Capriati, Just 16 But Revived, Stops Graf's Olympic Reign
Steffi Graf knew it, Jennifer Capriati tried not to think about it, and anyone looking down at the red clay at Vall d'Hebron had to suspect it. When Graf, the two-time defending gold medal winner, double-faulted to fall into a 0-40 cavern with the score dead even at one set apiece and 4-4 in the third, the tennis match was over.
"I was trying to get my second serve in and I lost totally the rhythm," said Graf, who gathered herself to win three points and reach deuce before it all blew away in a windstorm of steady backhands and a forehand on the line by Capriati. The chant began for the first time all day -- "U.S.A., U.S.A." -- and from there, it was just a few minutes to a final forehand in the net for Graf and a moment to remember the rest of her life for Capriati: a 3-6, 6-3, 6-4 upset that put the gold medal around her neck and tears in her eyes.

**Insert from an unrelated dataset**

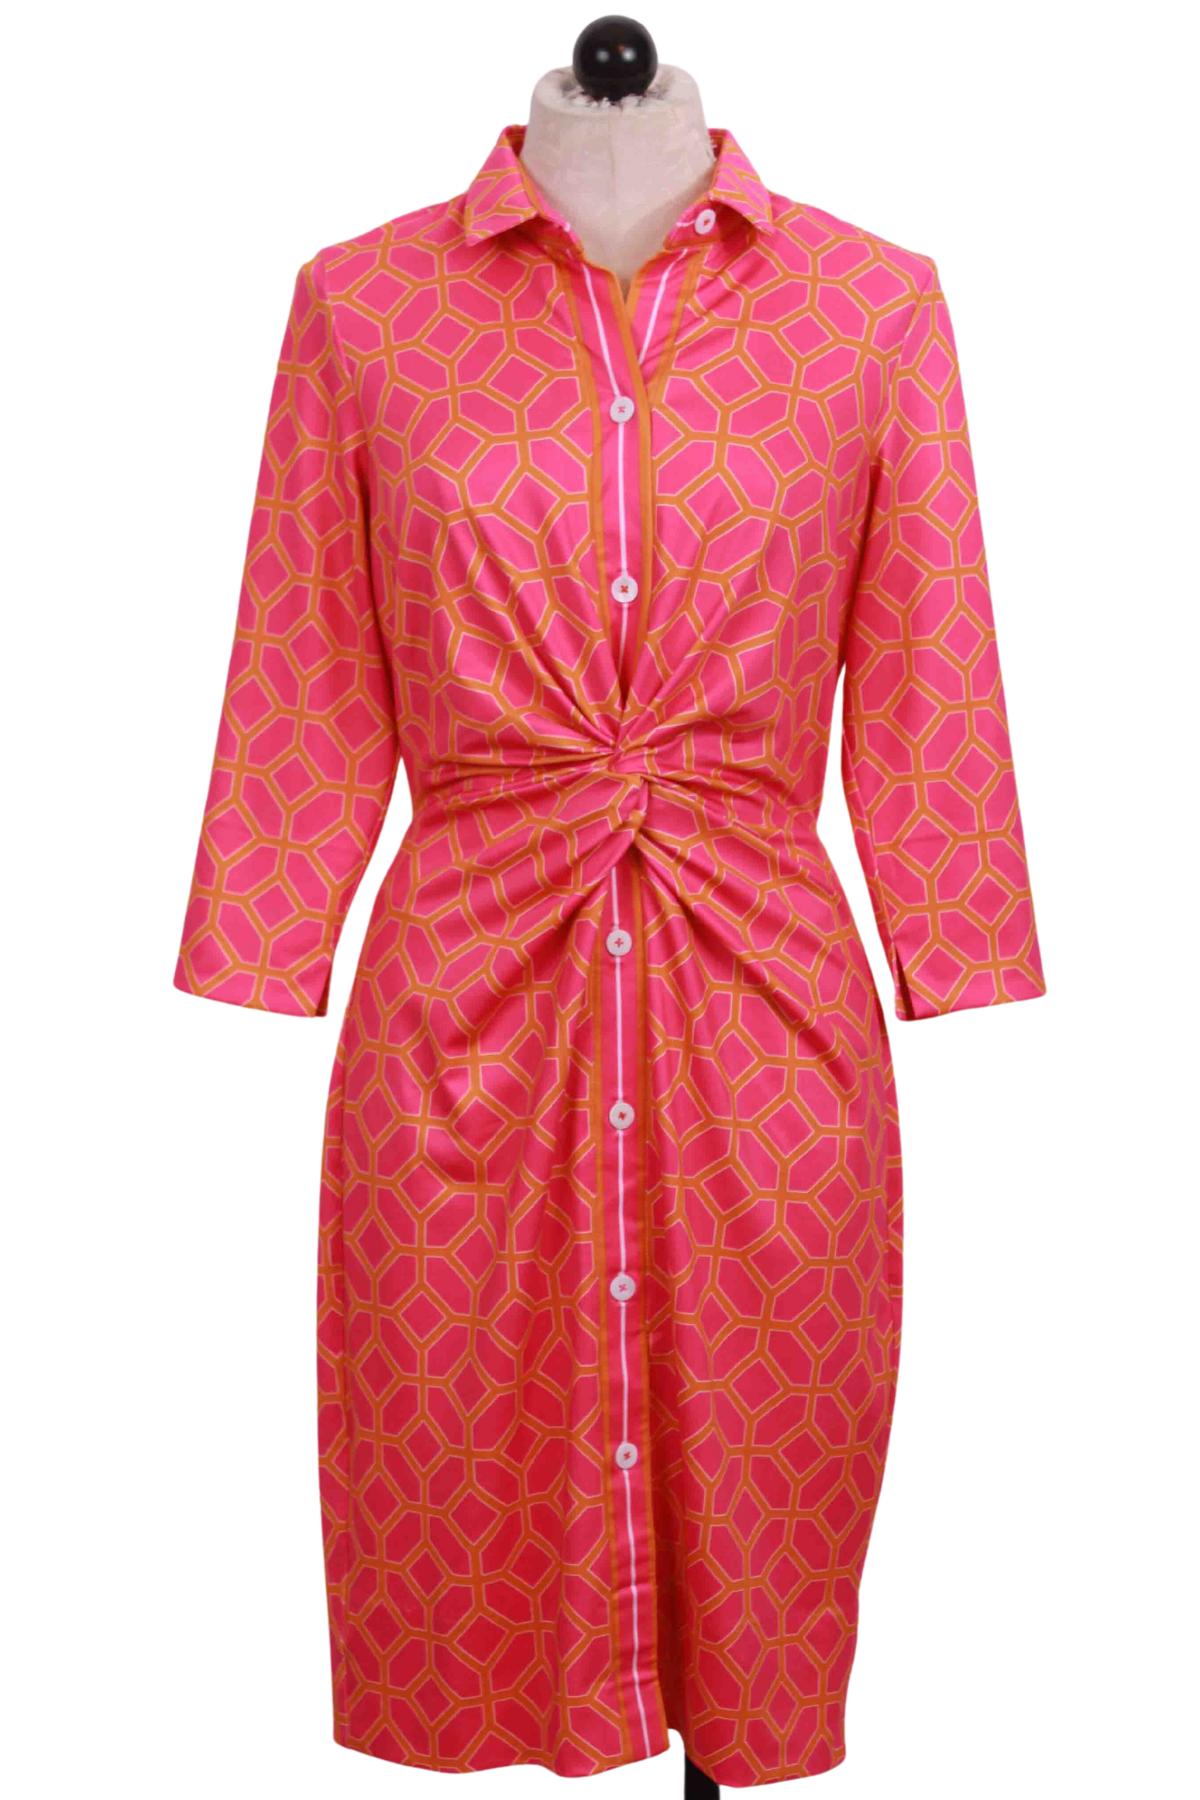 Pink and Orange Twist and Shout Lucy Dress by Gretchen Scott

So the 16-year-old Capriati mounted the medal stand, put her hand over her heart and watched the American flag being raised in the same place that Boris Becker and Michael Stich had watched the flag of a united Germany go up beside that of South Africa. Becker and Stich beat Wayne Ferreira and Piet Norval, 7-6 (7-5), 4-6, 7-6 (7-5), 6-3, leaving South Africa with its first medal since 1960, after which it was banned from the Olympics because of its policy of racial apartheid.
"It was so emotional," Capriati said of her feelings as the national anthem sounded. "I had the chills the whole time. I just can't believe it. All week I watched the other athletes up there and I was with them and I thought, 'Wow, that would be so cool.' "

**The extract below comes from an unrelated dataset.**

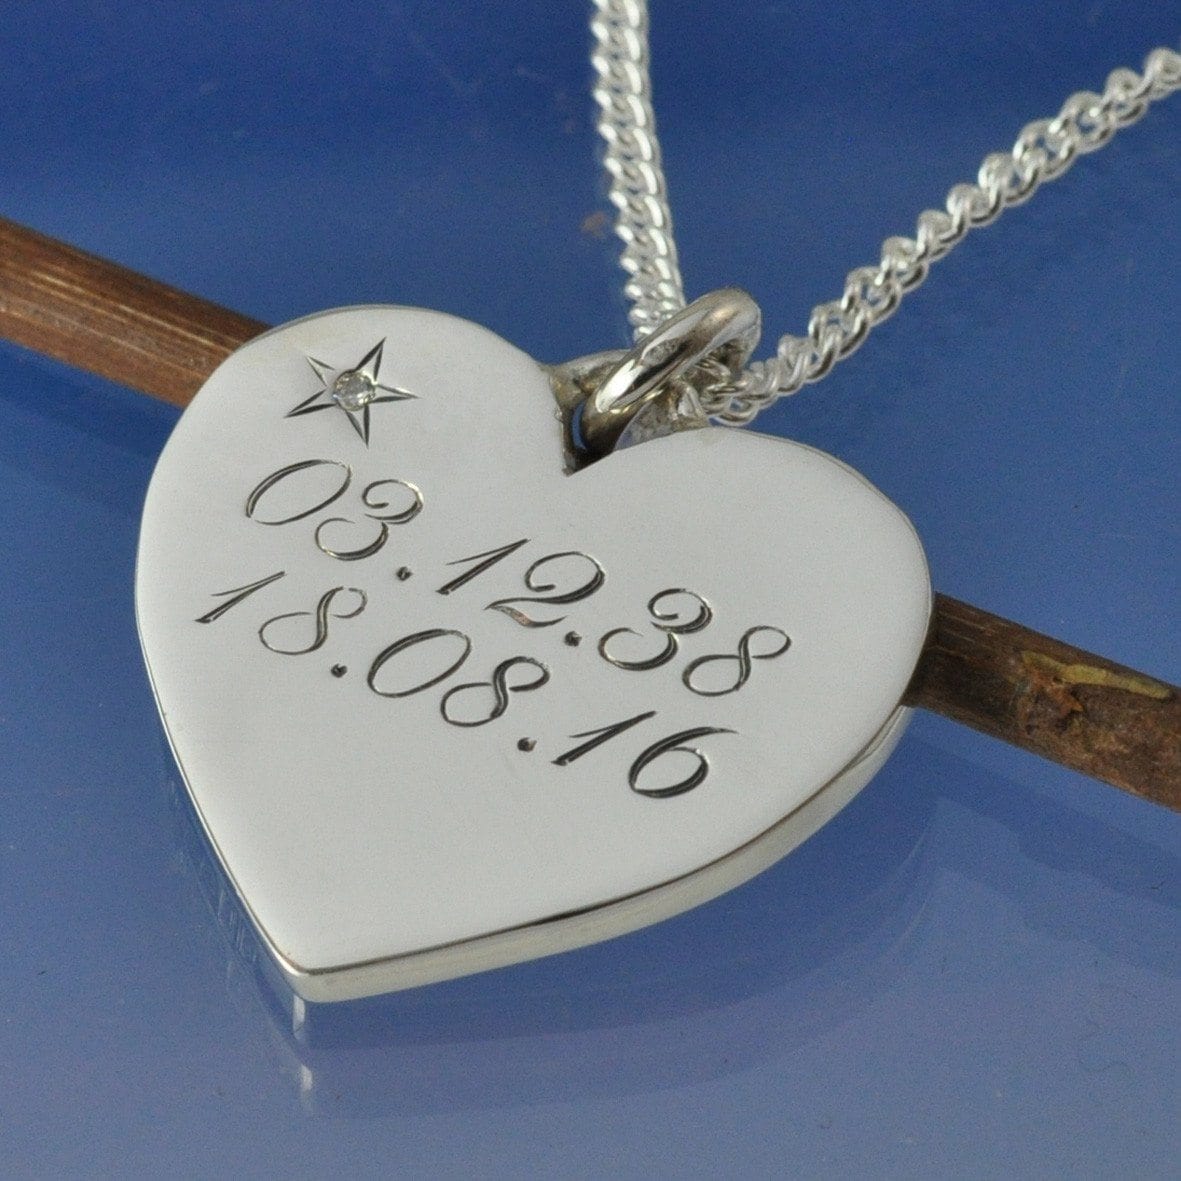 Cremation Ash Necklace - Diamond Heart Pendant by Chris Parry Jewellery

You say things like that when you are a teen-ager and have just finished two weeks in the Olympics, you have beaten the No. 2 player in the world, a player you have never beaten before in four attempts. Not to mention that you pulled off the biggest victory of your young career without the benefit of a regular coach and that this just happens to be the first time all year that you have made it to the final of a tournament.
The 23-year-old Graf understands. She won the gold medal in 1984, when tennis was an demonstration sport and she was 15. "It helped me to believe in myself," she said. "I'm sure for Jennifer, it's going to help her a lot, even more."
Capriati could use a reason to believe. She came into these Olympics ranked sixth but denying that she was burned out on the professional tour, which she had hit like lightning at 14. And she came here with only her ever-present father, Stefano, coaching her; her last coach, Pavel Slozil, had been fired in April.
Capriati did have the benefit of Manuel Santana, a Spaniard who won Wimbledon in 1966, and who, she said today, has been working with her for three weeks. He is an old family friend, and Capriati said of his role: "He's just helped me more on strategy. I've been more patient."
Graf will confirm that. "She was very steady from the baseline and she didn't give me a lot of errors like she sometimes does," said Graf. "She was patient, which I wasn't." Staving off 9 Break Points
Early on, Graf was the patient one. She held serve through nine break points and 16 see-saw minutes to take a 3-2 lead in the first set. At 3-4, Capriati double-faulted to both open and close the eighth game, and Graf held her serve to take the first set, 6-3.
The second set went on serve, with Capriati growing stronger by the minute, until Graf was broken for 5-3. It was Graf's previously inpenetrable forehand that betrayed her, not only on break point but 48 times in the match, 32 of those errors on ground strokes.
Both players were shaky at the start of the third set, with Capriati breaking serve and then Graf breaking back. Graf held on from there until the final turn of the screw at 4-4.
In the final game, Capriati took her time, and Graf won only a point. "I didn't want what happened in the first part of the third set to happen again," Capriati said. "It just went away from me. At that stage, you can't let breaks get away."